Doru Liciu also told us more about the exhibition hosted by the National Bank of Romania and its highlights:
“We wanted to highlight the most important moments in our relations: the Union of the Romanian Principalities, the recognition of Romania’s independence and the establishment of diplomatic relations, the cooperation and collaboration during the First World War, when Italy and Romania, despite officially being allied with the Central Powers, chose to join the Entente in order to achieve their national ideals of unification. The Romanian Legion was formed in Italy, made up of former prisoners of war from the Austro-Hungarian army, Romanians originating from Transylvania, Bukovina and Banat who campaigned for the union of all Romanians and contributed decisively to the Union of Bukovina and Transylvania with Romania. The exhibition also paid special attention to cultural relations, which flourished in the interwar period following the opening of the Romanian Academy in Rome in the 1920s and of the Humanistic Research Institute in Venice in the 1930s. So, we, here, at the Diplomatic Archives of the Ministry of Foreign Affairs, are seeking to promote history as a means of becoming familiar with the past, without being stuck in the past, and trying to understand the present and build a better future.”

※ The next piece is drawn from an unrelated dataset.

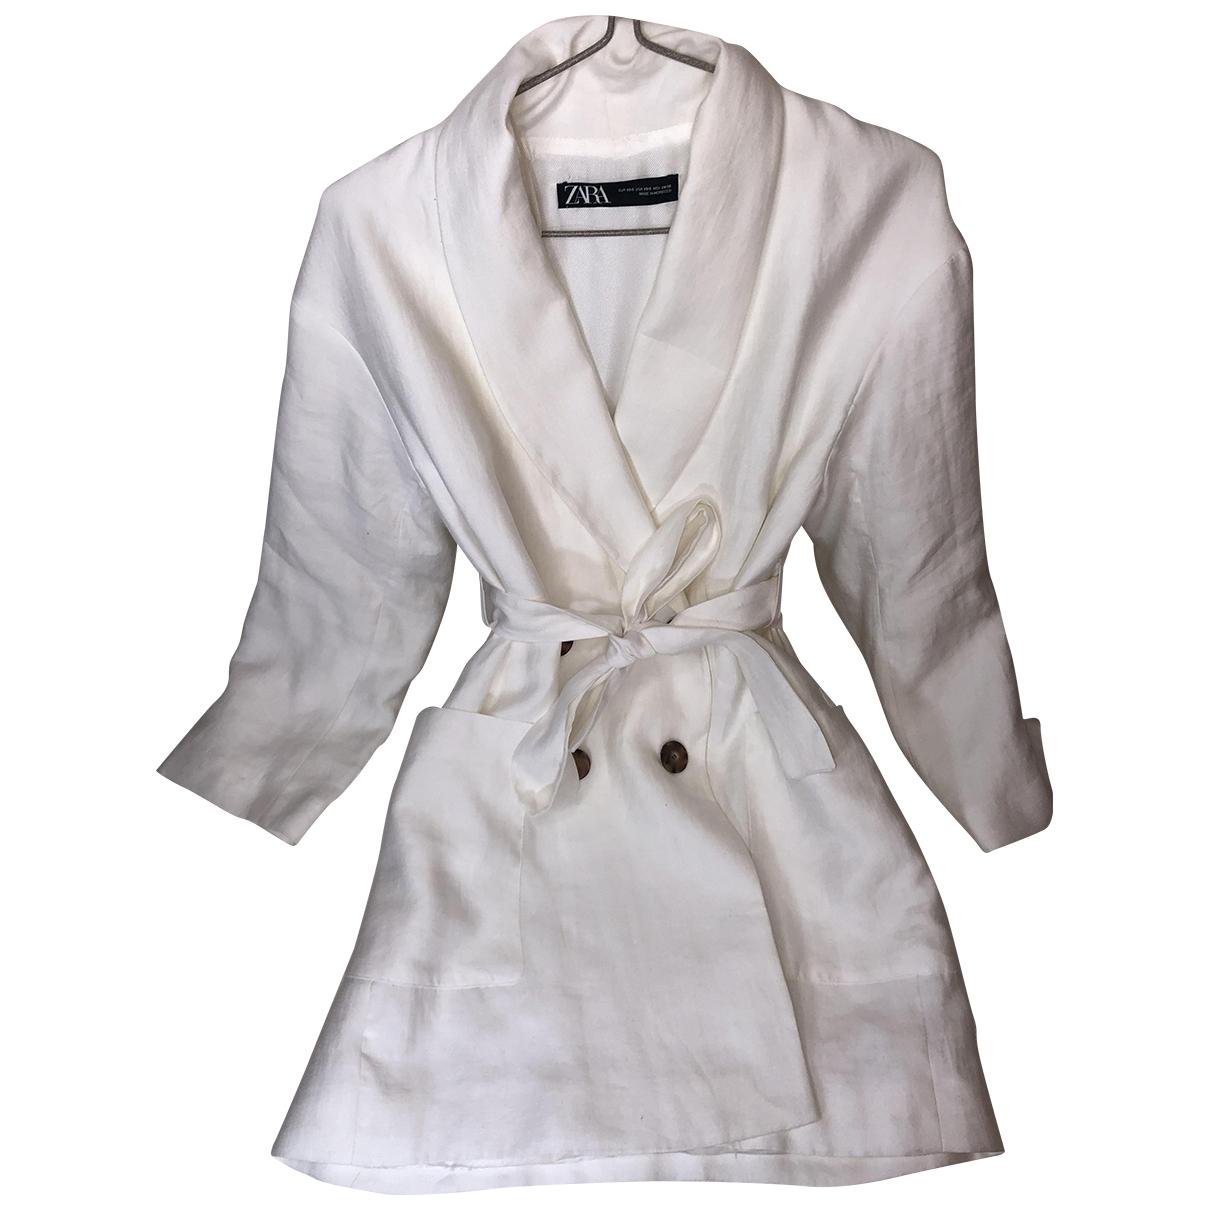 Zara - Manteau   pour femme en lin - blanc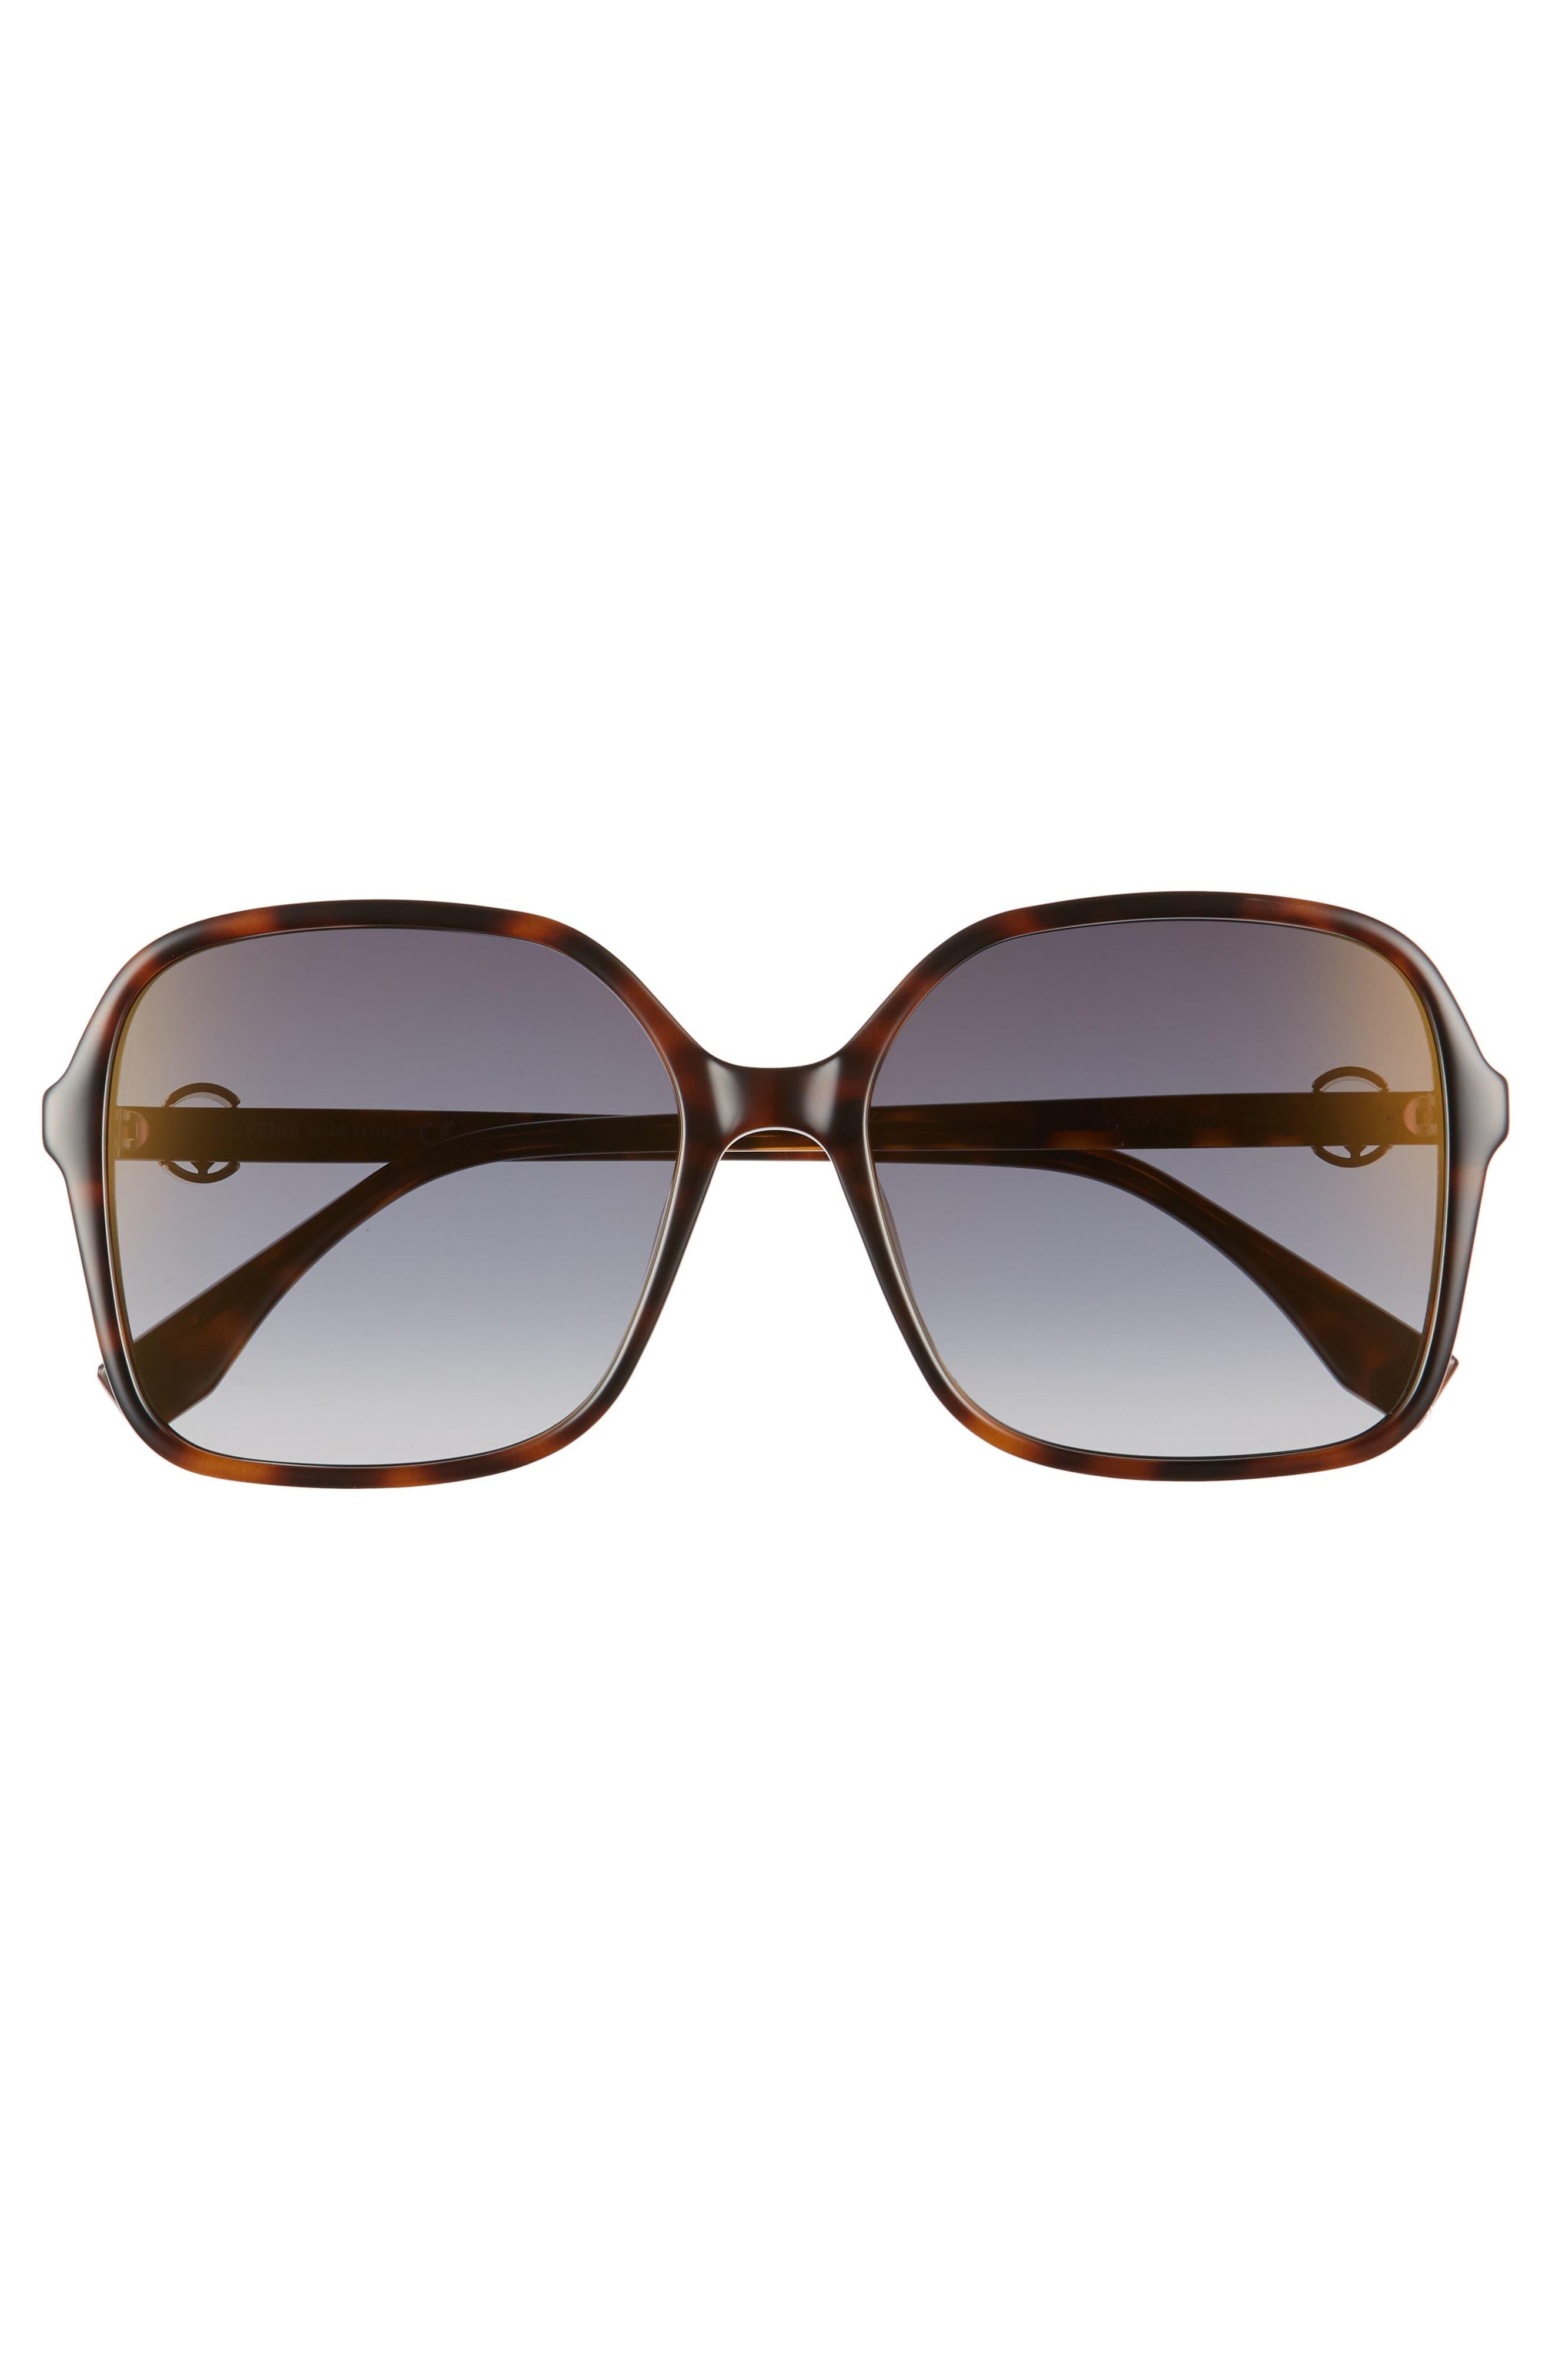 58mm Square Sunglasses,                             Alternate thumbnail 3, color,                             Dark Havana

The 145 years of diplomatic relations between Romania and Italy prove, once more, that the values that the two countries share, and which are also laid down in the two reference documents present in the exhibition, namely the Joint Declarations on the Strategic Partnership from 1997 and the Consolidated Strategic Partnership from 2008, have an even stronger significance in the current geopolitical context.